Double asymptotics and G-analysis

An example from random matrix theory

Random matrix theory (RMT) is a type of double-asymptotic analysis that is more focused on the analysis of spectral distribution of random matrices. The spectral distribution of random matrices is an important subject in multivariate analysis, as many statistics can be represented in terms of functionals of the spectral distribution of some matrices.⁷⁰ Let {x_i,j, i,j = 1,2,…} be a double array of i.i.d. random variables with mean zero and variance 1. Let $x_{j} ≜ {[x_{1, j}, x_{2, j}, ., x_{p, j}]}^{T}$ and define the data matrix X such that X = [x₁, x₂,., x_n]. The p × p sample covariance matrix is then defined by

C_{n, p} = \frac{1}{n - 1} \sum_{l = 1}^{n} (x_{l} - \bar{x}) {(x_{l} - \bar{x})}^{T} .

(26)

The empirical spectral distribution (ESD) of matrix C_n,p is given by

F_{C_{n, p}} (x) = \frac{1}{p} \sum_{i = 1}^{p} 1_{{λ_{i} (C_{n, p}) \leq x},}

(27)

where λ_i(C_n,p), i = 1,2,…,p are the eigenvalues of C_n,p and

1_{{\cdot}}

is the indicator function. We consider two cases: 1)

x_{i, j}

has a standard normal distribution; and 2)

x_{i, j}

is taken from {–1,+1} with equal probability. A fundamental problem in high-dimensional analysis is to study the convergence of sequence of

F_{C_{n, p}} (x)

The histograms in Figure 2A–C represent the empirical spectral distribution of one realization of matrix C_n,p for three cases in which p/n = 1/2 and, (a) p = 1,000 and n = 2,000; (b) p = 100 and n = 200; and (c) p = 20 and n = 40. Under a double-asymptotic regime where p ↠ ∞, n ↠ ∞, p/n ↠ c > 0, the empirical distribution converges almost surely to a nonrandom distribution function F_c with the density given by

f_{c} (x) = {(1 - 1 / c)}^{+} δ (x) + \frac{1}{2 π c x} \sqrt{{(x - x)}^{+} {(b - x)}^{+}},

(28)

where

a = {(1 - \sqrt{c})}^{2}, b = {(1 - \sqrt{c})}^{2}

and δ(x) is the delta function. This result was obtained by Marčenko and Pastur in 1967⁷¹ and today is referred to as the M-P law. As we see in these histograms, for relatively large values of p and n [Figs. 2(A), (B)], there is a substantial agreement between the M-P law and the ESD of one realization of matrix C_n,p.

Figure 2

(A)–(C) Comparing the empirical spectral distribution of one realization of the covariance matrix with the limiting spectral distribution: (A) p = 1,000, n = 2,000; (B) p = 100, n = 200; (C) p = 20, n = 40. (D), (E) Comparing the average empirical spectral distribution of N realizations of the covariance matrix with the limiting spectral distribution: (D) p = 1,000, n = 2,000, and N = 10; (E) p = 100, n = 200, and N = 100; (F) p = 20, n = 40, and N = 10,000. Marčenko and Pastur⁷¹ obtained the closed-form solution of the limiting spectral distribution by using the double-asymptotic framework.
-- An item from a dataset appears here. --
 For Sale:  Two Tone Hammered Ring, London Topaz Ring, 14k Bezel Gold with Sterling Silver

Figure 2D–2F show the result of comparison between the average empirical spectral distribution of N realizations of covariance matrix C_n,p with the limiting spectral distribution in which N is 10, 100, and 10,000, for p = 1,000, 100, and 20, respectively (p/n = 1/2). As we see, there is a substantial agreement between the average empirical distribution and the M-P law in all three cases. Convergence of histograms in Figures 2A and 2D to the same limiting density presents an interesting property of the double-asymptotic regime; to wit, in this asymptotic regime the dependencies of the results on the realization of C_n,p disappear. Furthermore, the result is independent of the distribution of the elements in the double array: for both normal and binary random variables the limiting spectral distributions are identical.
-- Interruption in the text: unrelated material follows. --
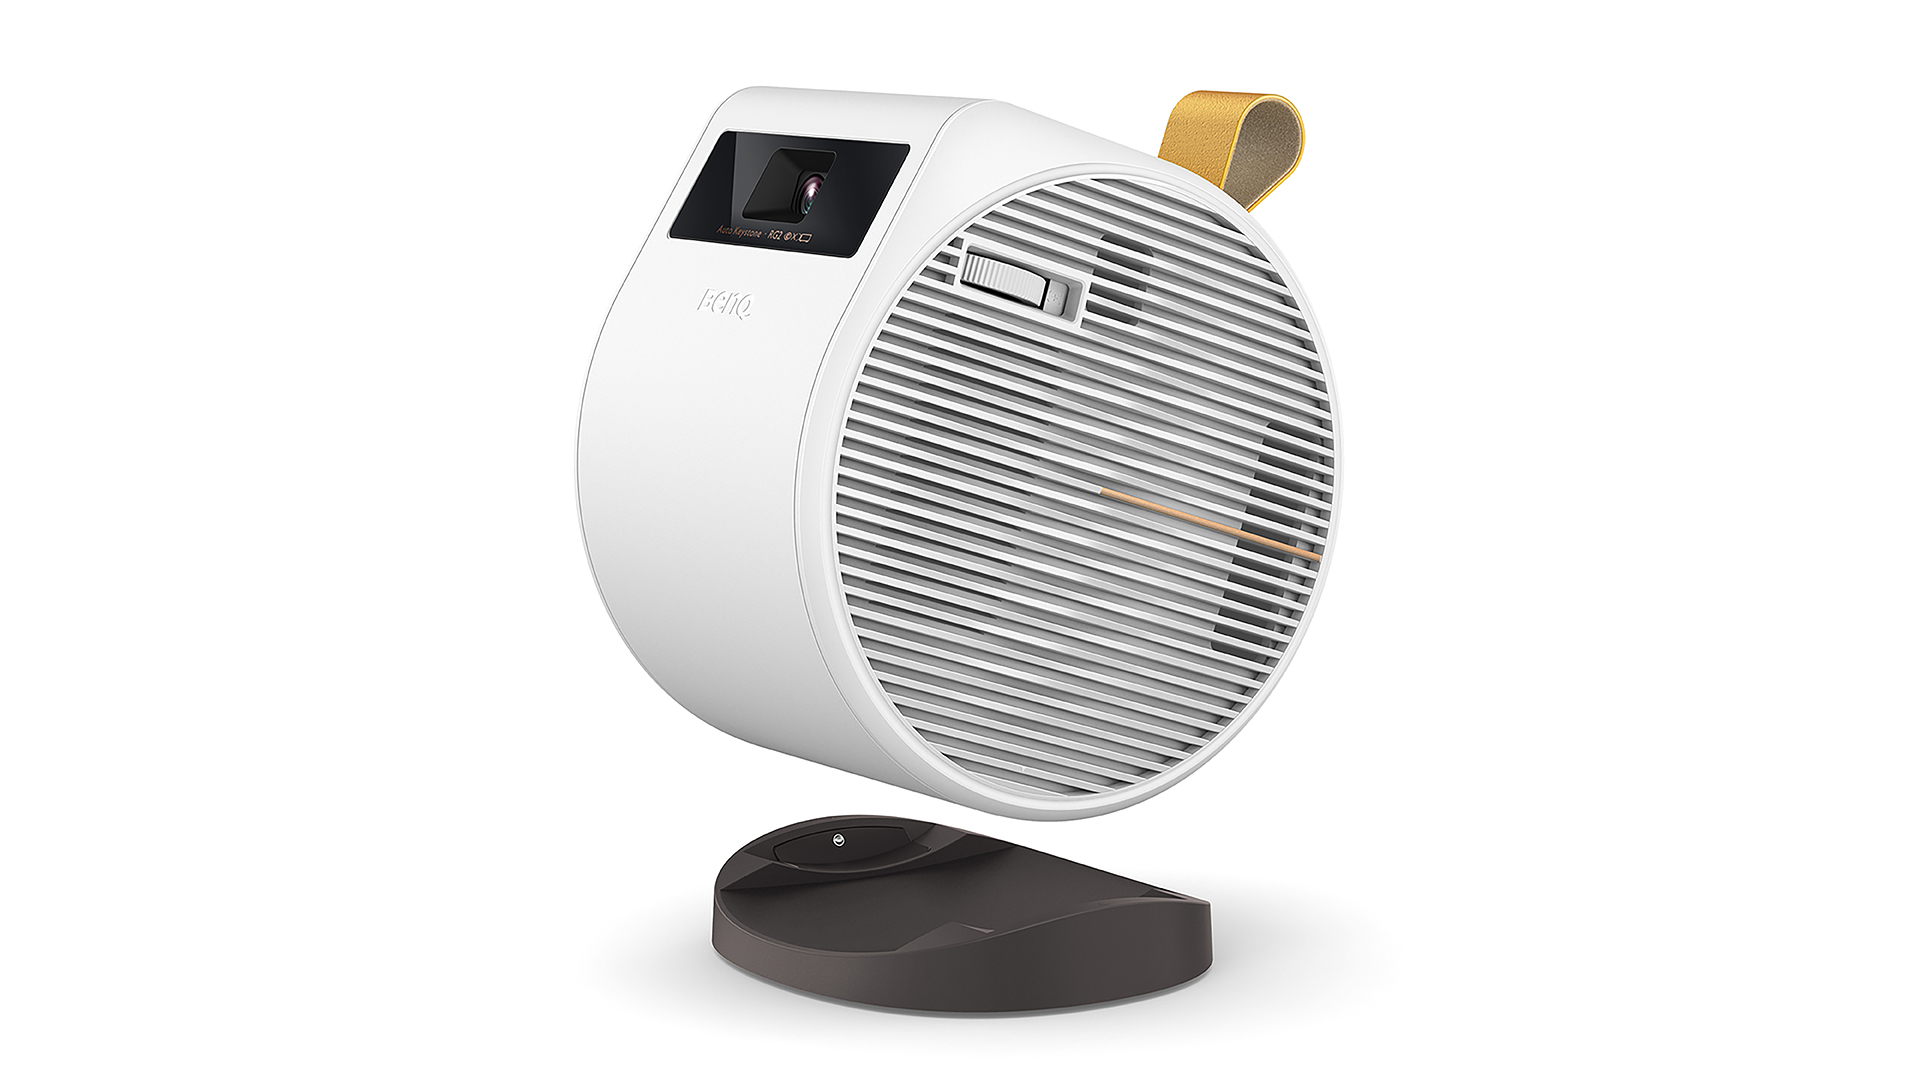 LED Smart Portable Projector

The convergence of histograms in Figure 2(D)–(F) to the same density shows another interesting property of this operating regime: if we consider the average (expected) behavior of the ESD, the result of double asymptotics, although theoretically valid for p ↠ ∞ and n ↠ ∞, agrees well with the empirical result even for situations in which p and n are relatively small (Fig. 2F). Note that in many practical situations we are interested in average behavior of a statistic and, in this regard, double asymptotics can serve as a potential machinery for analyzing and synthesizing statistics. It is illuminating to compare the result of double-asymptotic analysis with the classical asymptotic analysis. The only information that we have from the classical asymptotic analysis is that, as n ↠ ∞ and for fixed p, the distribution of λ_i(C_n,p) converges (almost surely) to a delta function at 1. Clearly, this information is completely useless in estimating the empirical spectral distribution in all cases considered in this example.
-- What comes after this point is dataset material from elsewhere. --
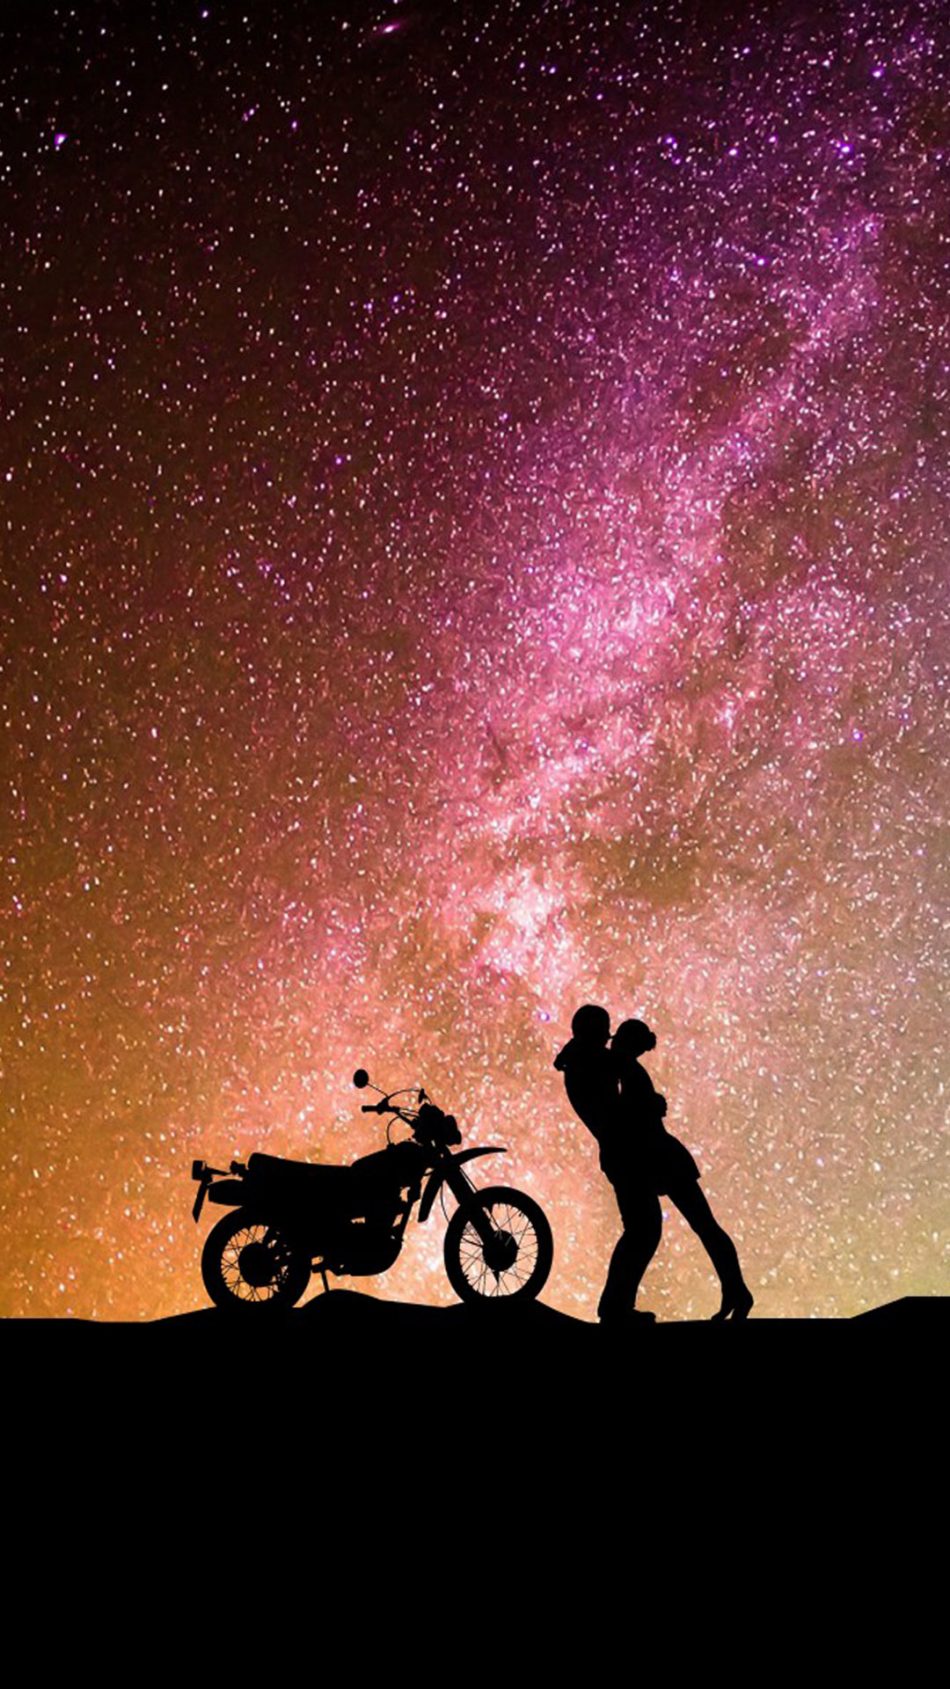 love kiss wallpapers for mobile,sky,silhouette,vehicle,illustration,landscape

Emergence of double-asymptotic analysis

In the past few decades, double-asymptotic analysis, in general, and RMT, in particular, have found eminent roles in various disciplines, including nuclear physics, statistical mechanics, signal processing, wireless communications, biology, and economics.^70,72 Some scientists, such as Raj Nadakuditi,⁷³ believe that RMT is “somehow buried deep in the heart of nature”. The first account of double-asymptotic analysis can be traced back to studying the limiting spectral distribution of random matrices of large dimension. This analysis was done by Eugene P. Wigner, the Nobel Prize winning physicist who, in the context of quantum physics and in connection with the energy levels of heavy nuclei, proved that the expected spectral distribution of Wigner matrices of increasing dimension converges to the semicircle law.^74–76 In quantum physics, any measurable physical quantity (a dynamical variable) of a system is represented by a self-adjoint operator (commonly referred to as the Hamiltonian) that acts in the state space. The Hamiltonian operator acting in state space can be represented in the matrix representation, resulting in matrix mechanics – which Heisenberg used to formulate quantum mechanics in the first place.^77,78 Concerning the rise of RMT in physics, Freeman Dyson writes⁷⁹:

By assuming all states of a very large ensemble to be equally probable, one obtains useful information about the overall behavior of a complex system, when the observation of the state of the system in all its detail is impossible. What is here required is a new kind of statistical mechanics, in which we renounce exact knowledge not of the state of a system but of the nature of the system itself. We picture a complex nucleus as a ‘black box’ in which a large number of particles are interacting according to unknown laws. The problem then is to define in a mathematically precise way an ensemble of systems in which all possible laws of interaction are equally probable.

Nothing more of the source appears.